• EXERCISE REQUIREMENTS
Starting at the line that contains "San_Francisco_in_ruin_edit2", copy every line to the end of the material below exactly, and omit the pictures.

• DATA BELOW
- - -
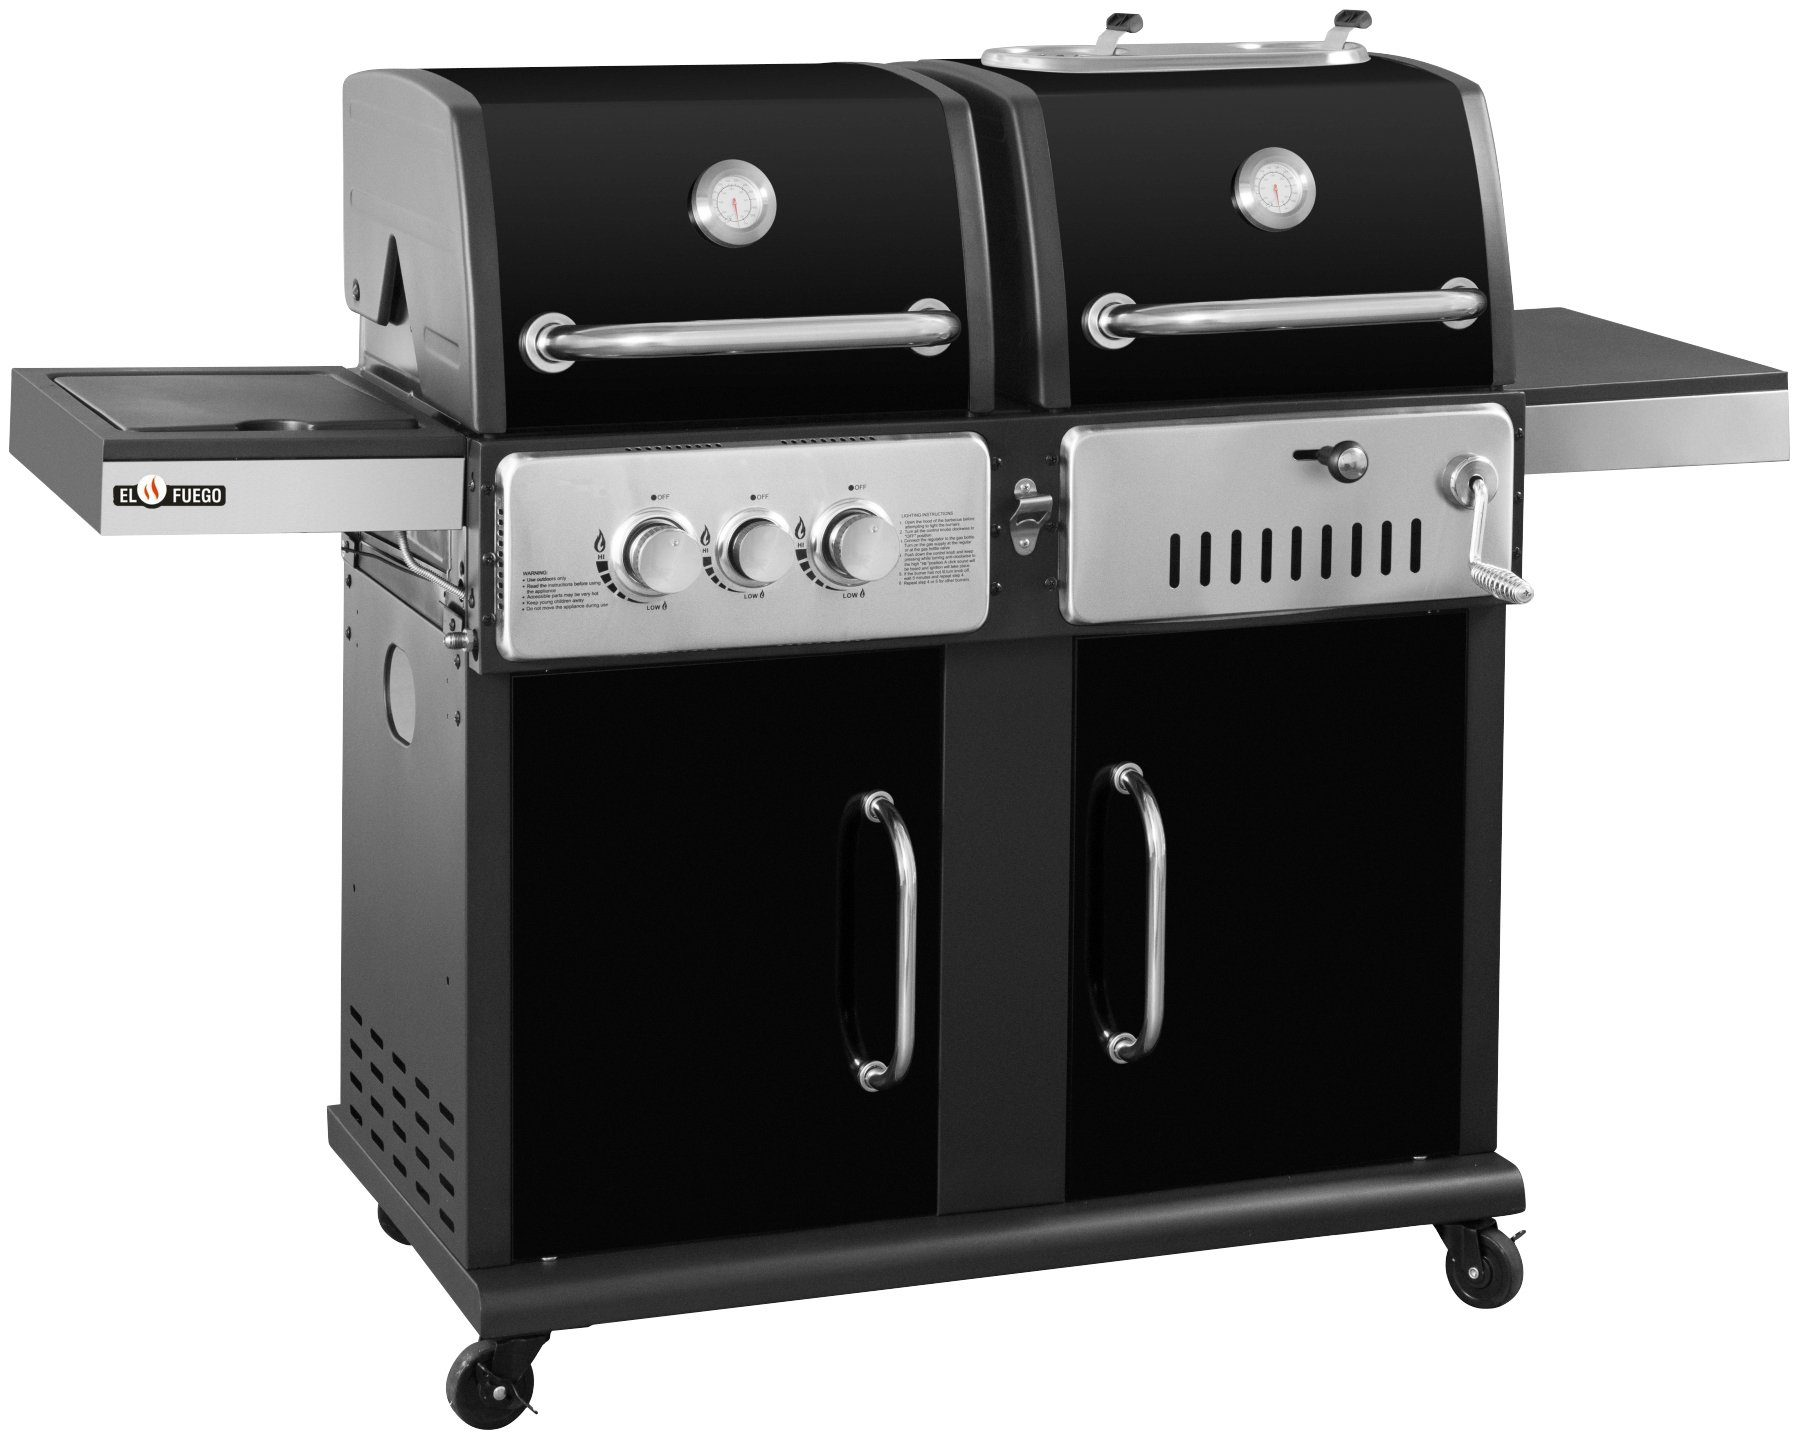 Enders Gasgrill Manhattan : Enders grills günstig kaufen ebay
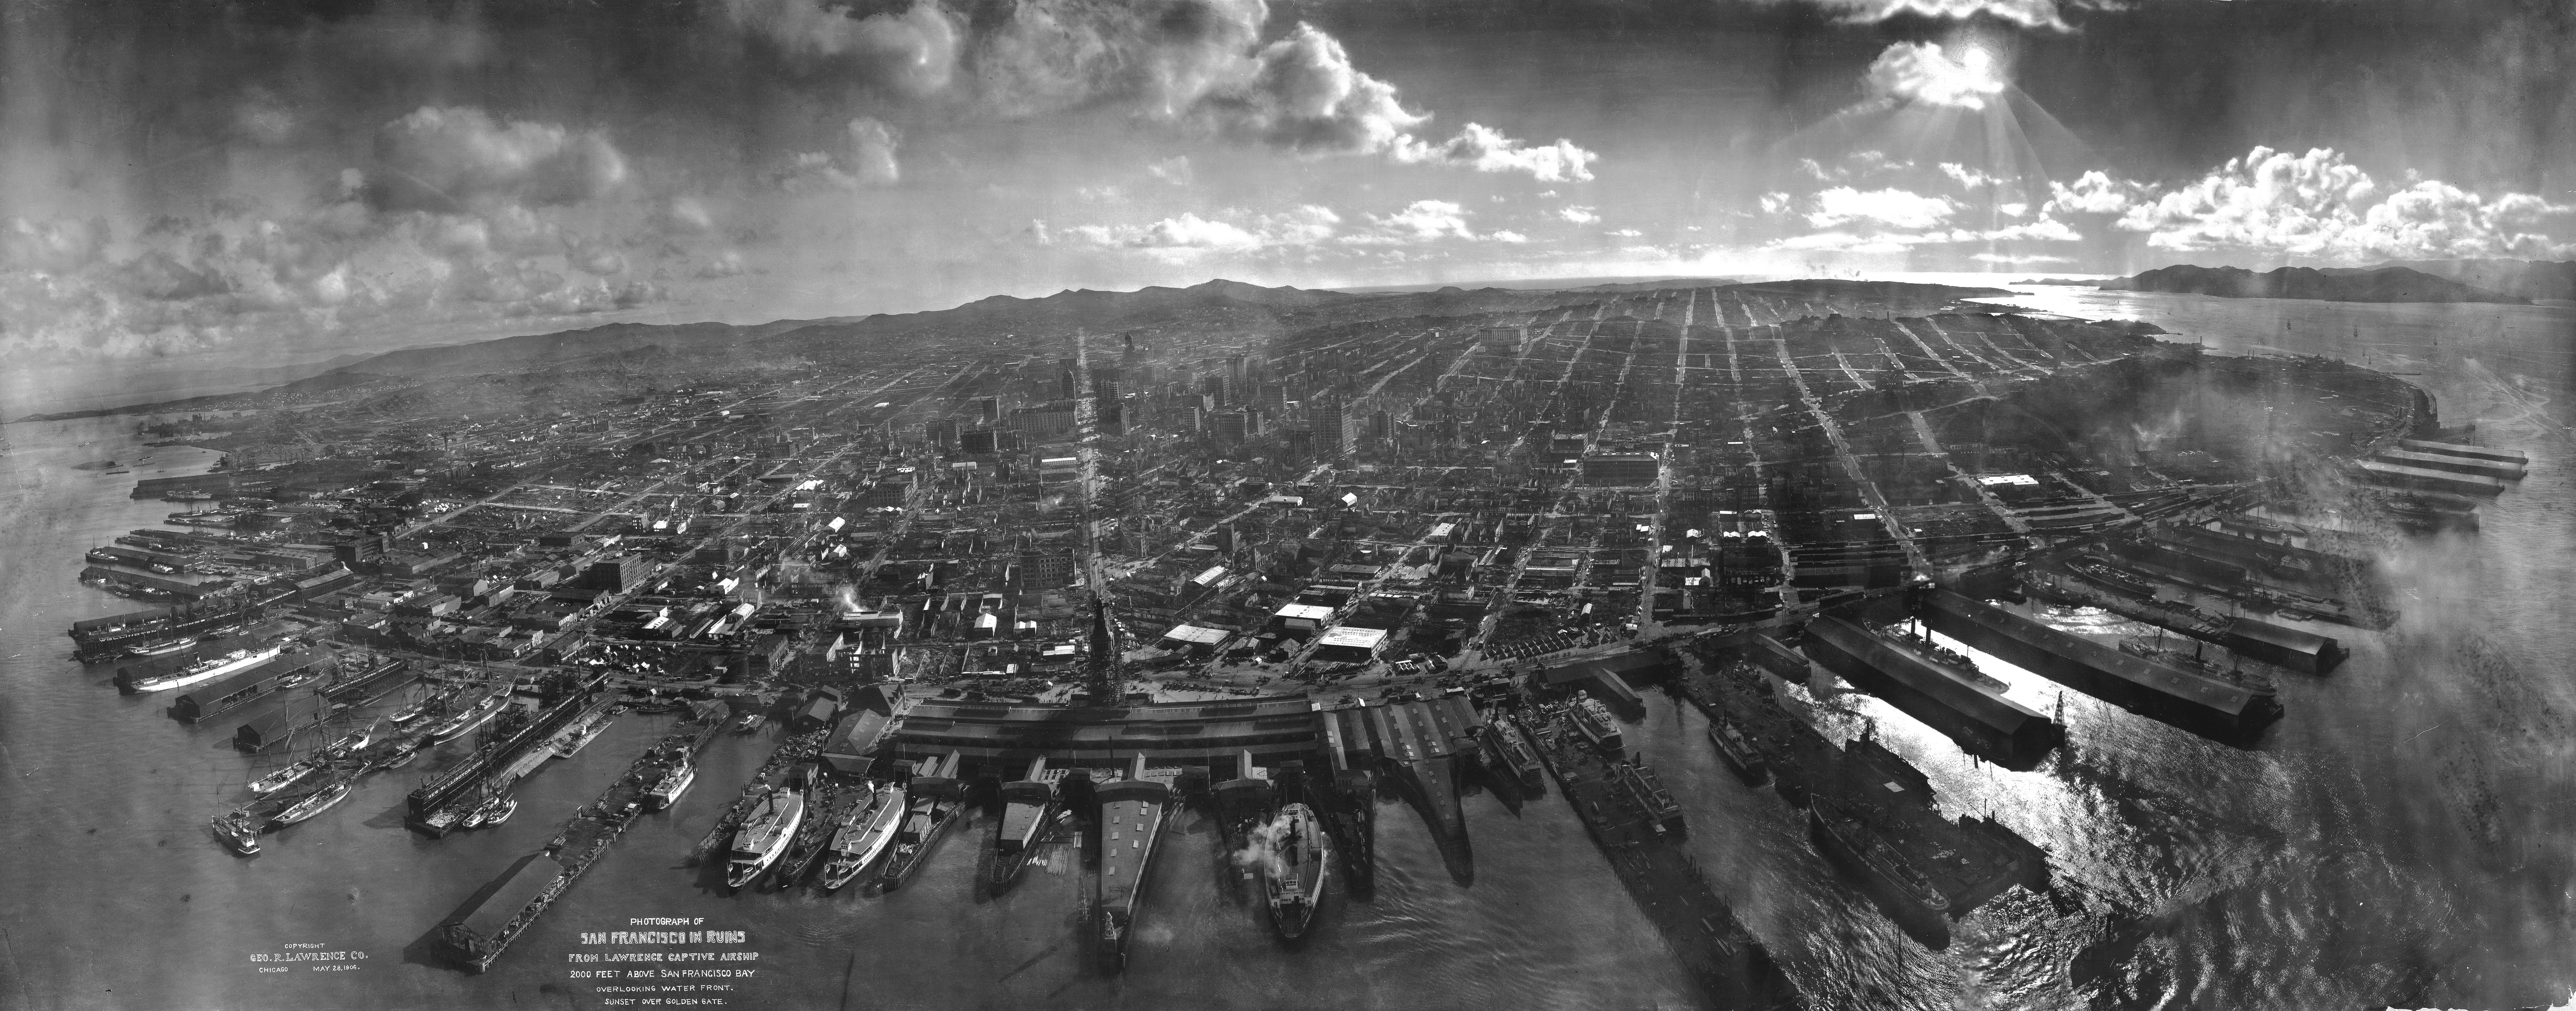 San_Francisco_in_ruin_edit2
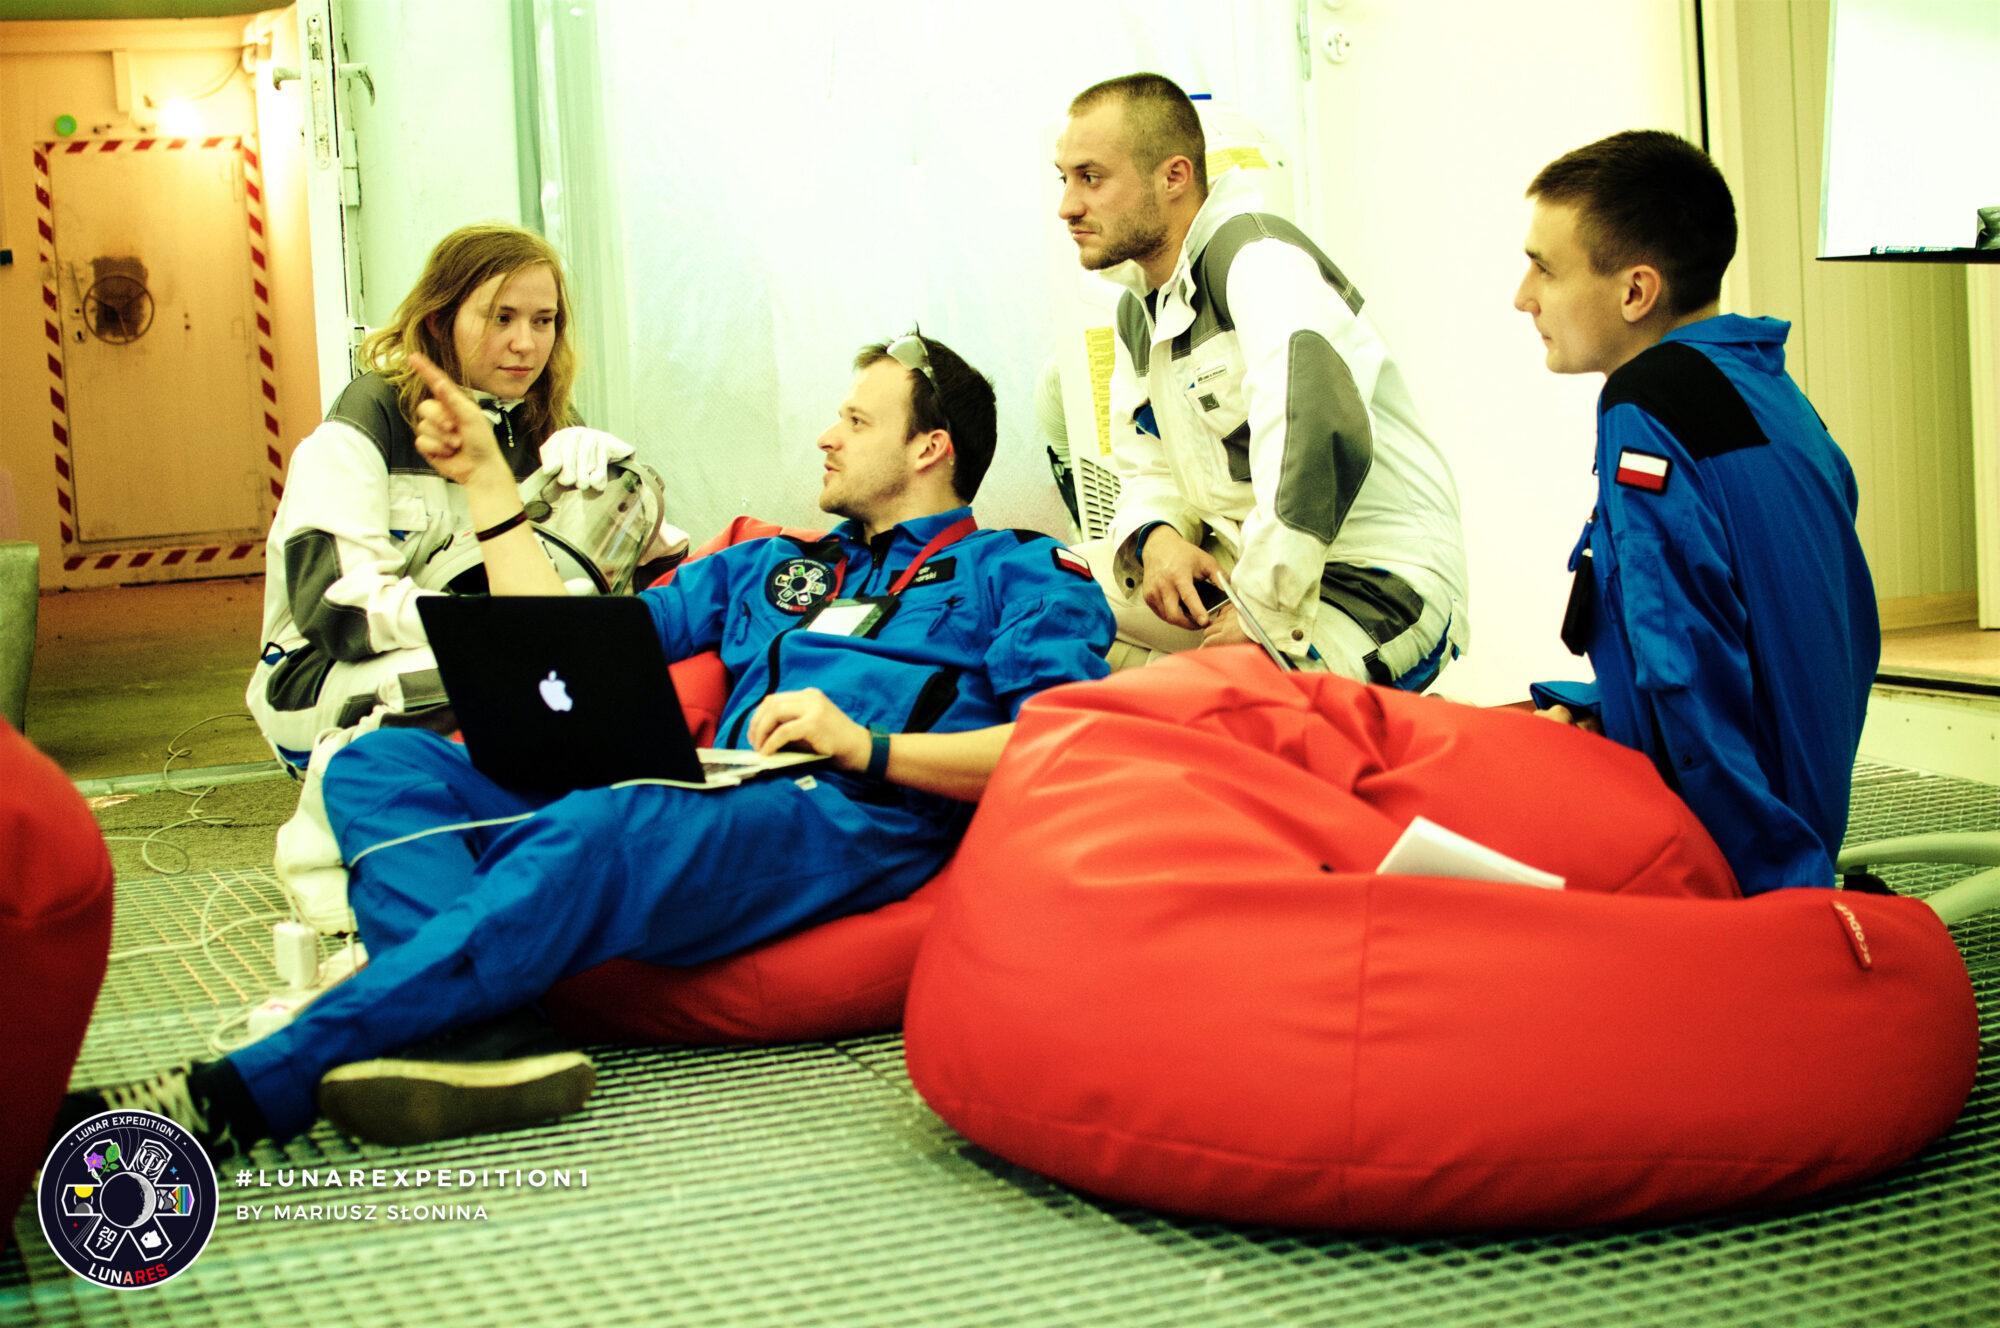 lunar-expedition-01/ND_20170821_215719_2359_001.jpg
- - -
• EXERCISE SOLUTION
 San_Francisco_in_ruin_edit2
 lunar-expedition-01/ND_20170821_215719_2359_001.jpg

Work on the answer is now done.